→ **What you are asked to do**
Give back exactly the line containing "republic day 21 gun salute: Republic" and all that follow it in the data below, with the pictures left out.

[Source material Boundary: Start]

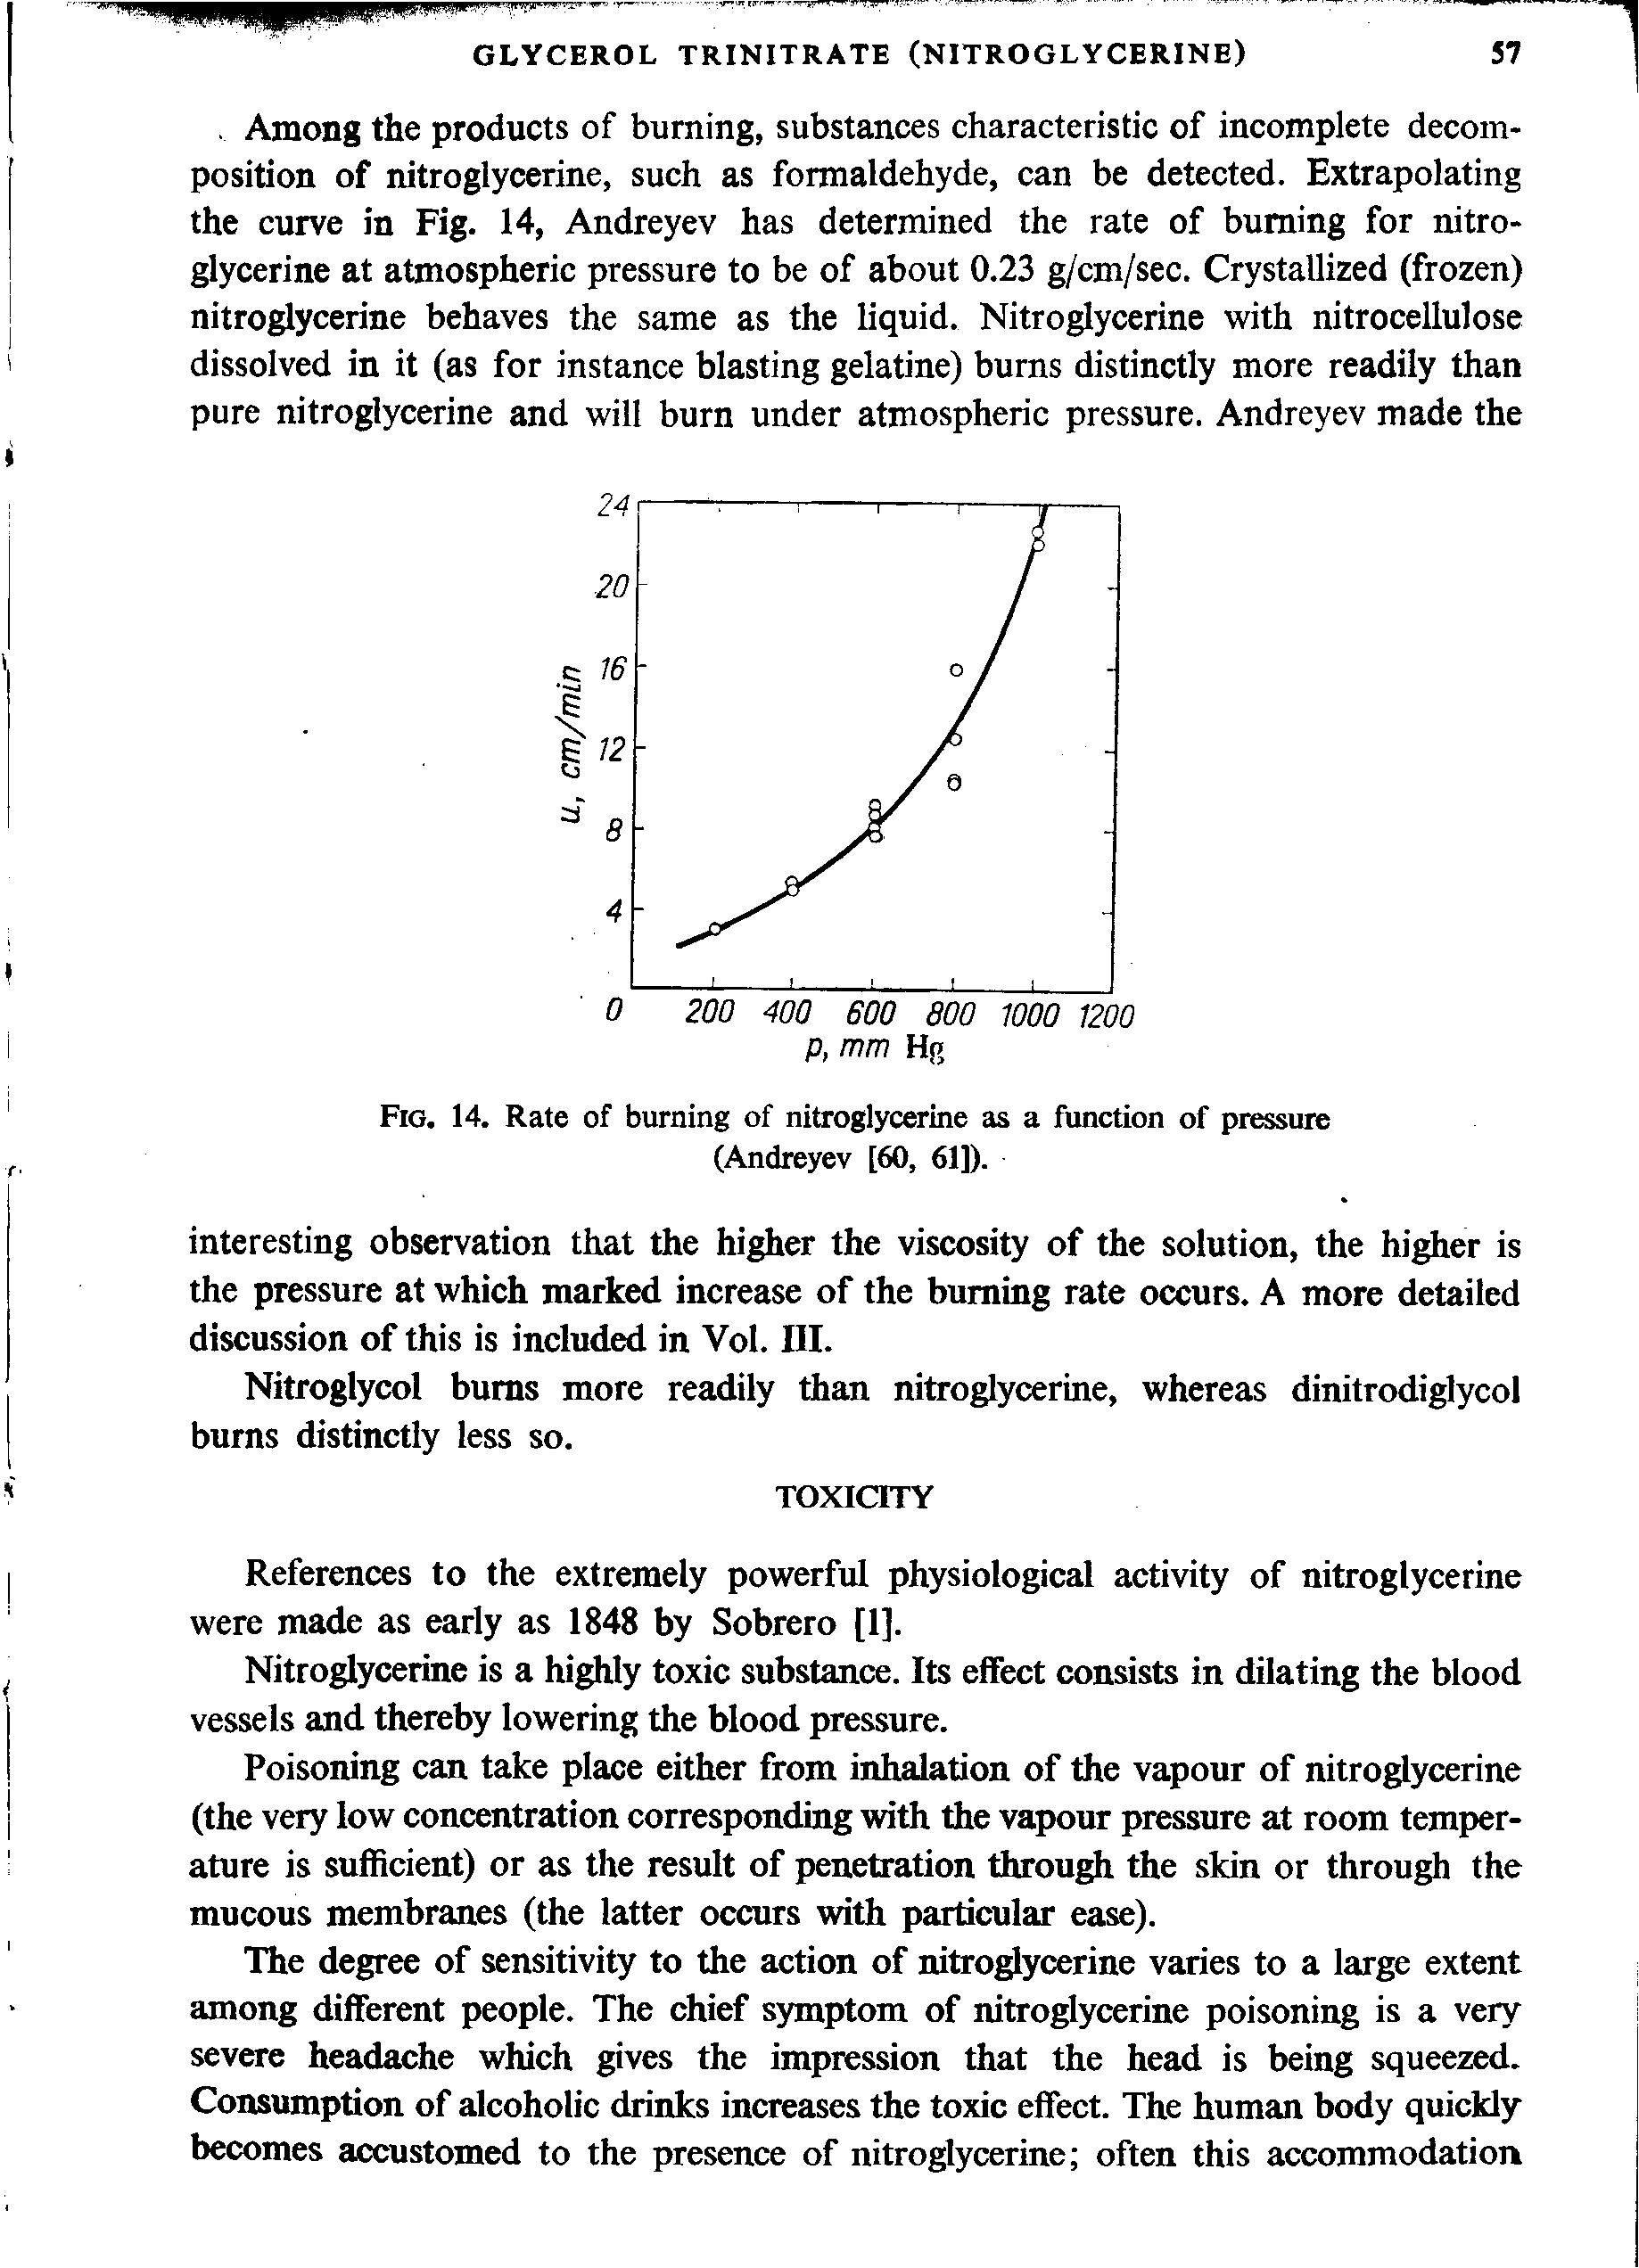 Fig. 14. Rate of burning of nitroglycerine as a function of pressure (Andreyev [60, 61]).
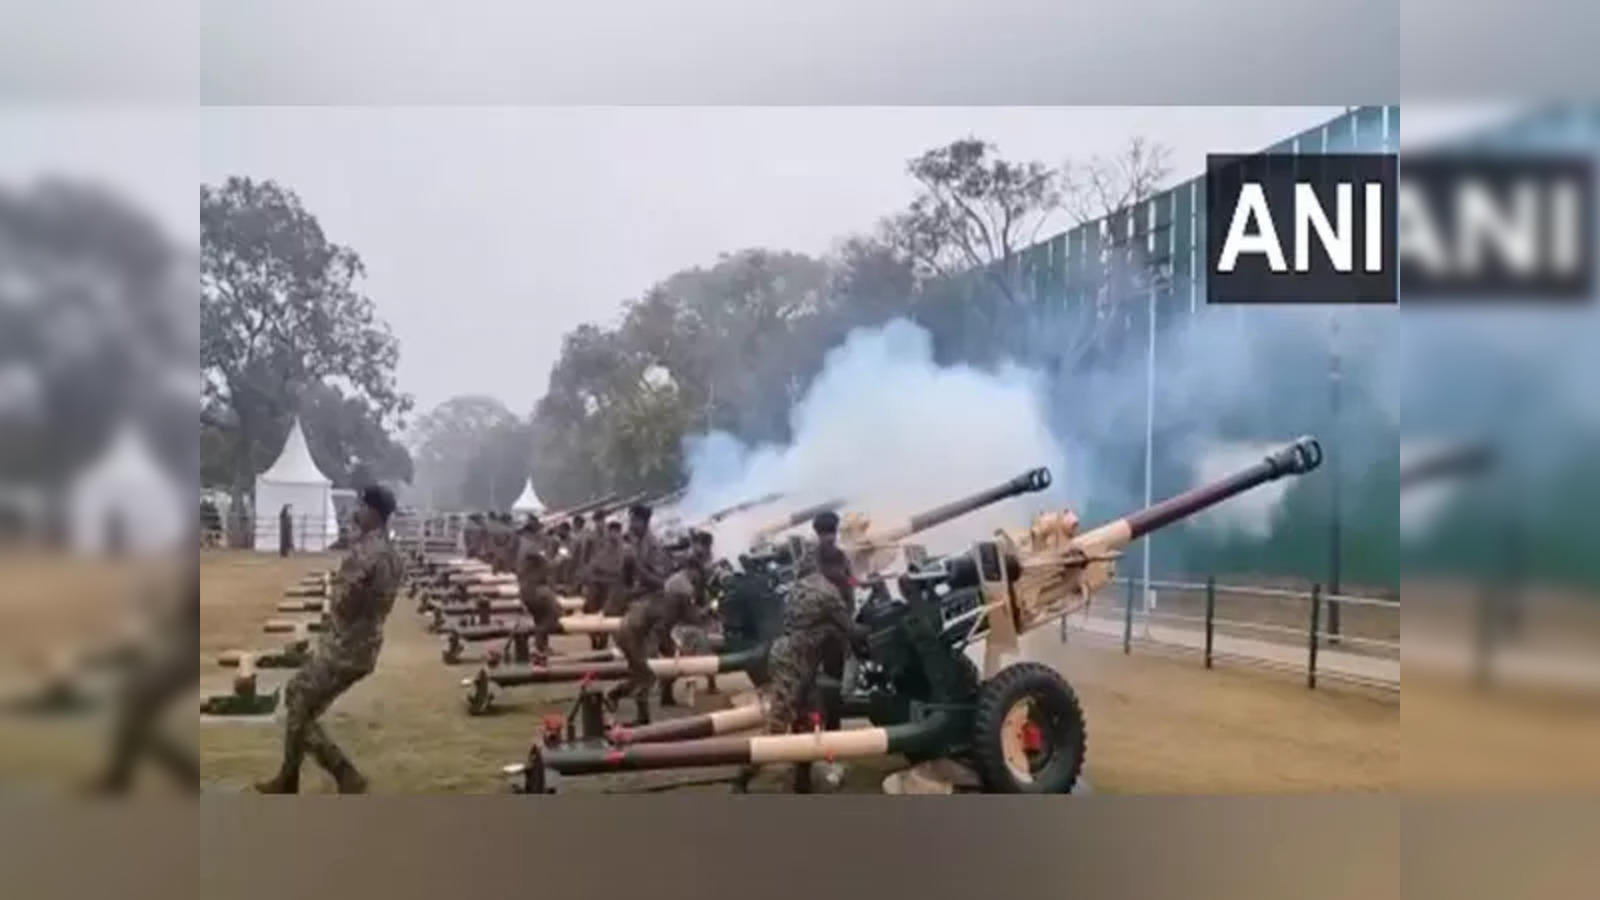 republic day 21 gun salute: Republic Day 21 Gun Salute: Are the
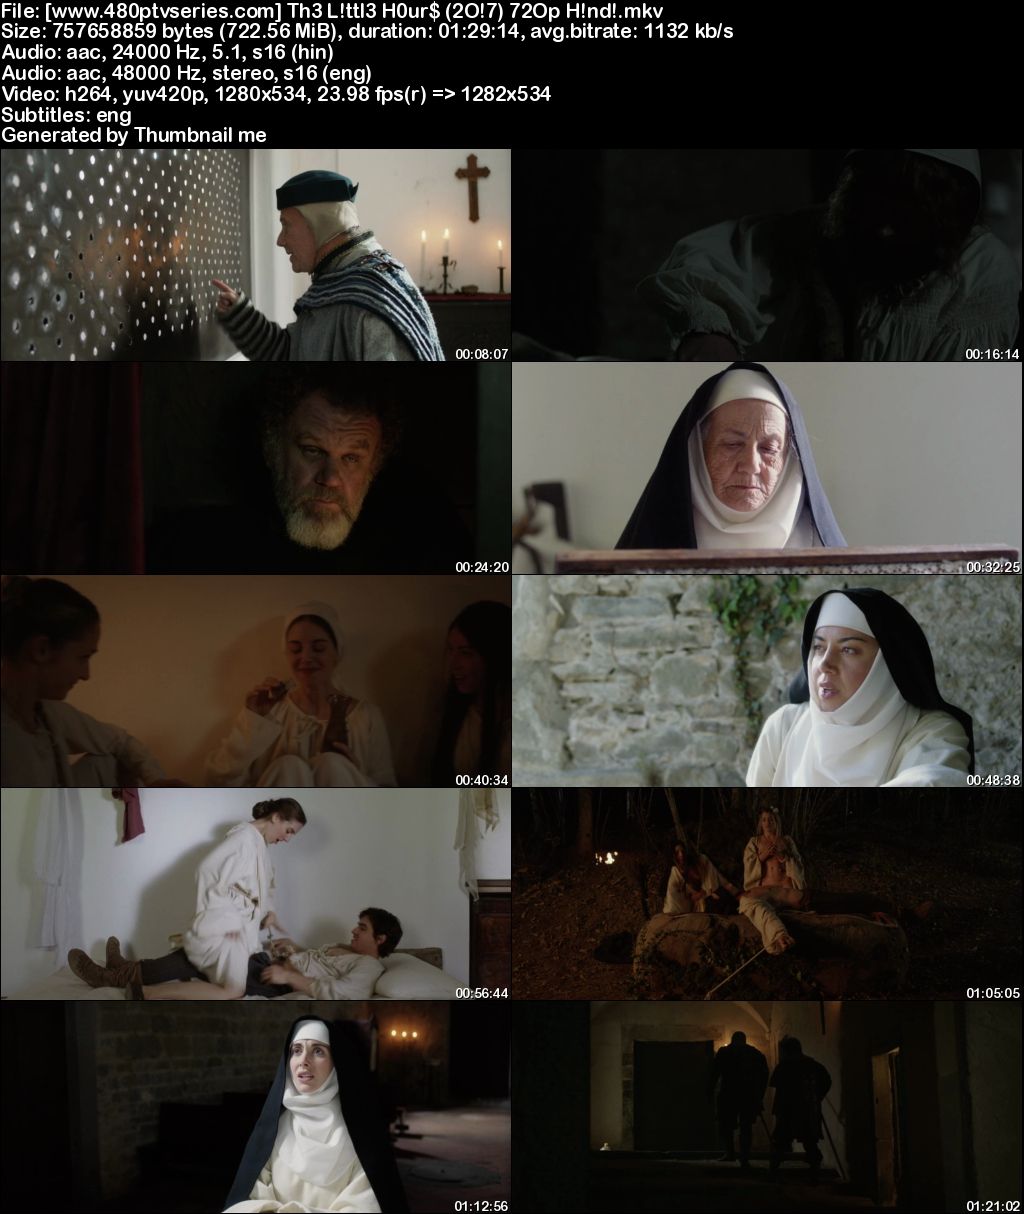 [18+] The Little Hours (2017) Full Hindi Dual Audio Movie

[Source material Boundary: End]

→ **Response to the task**
 republic day 21 gun salute: Republic Day 21 Gun Salute: Are the
 [18+] The Little Hours (2017) Full Hindi Dual Audio Movie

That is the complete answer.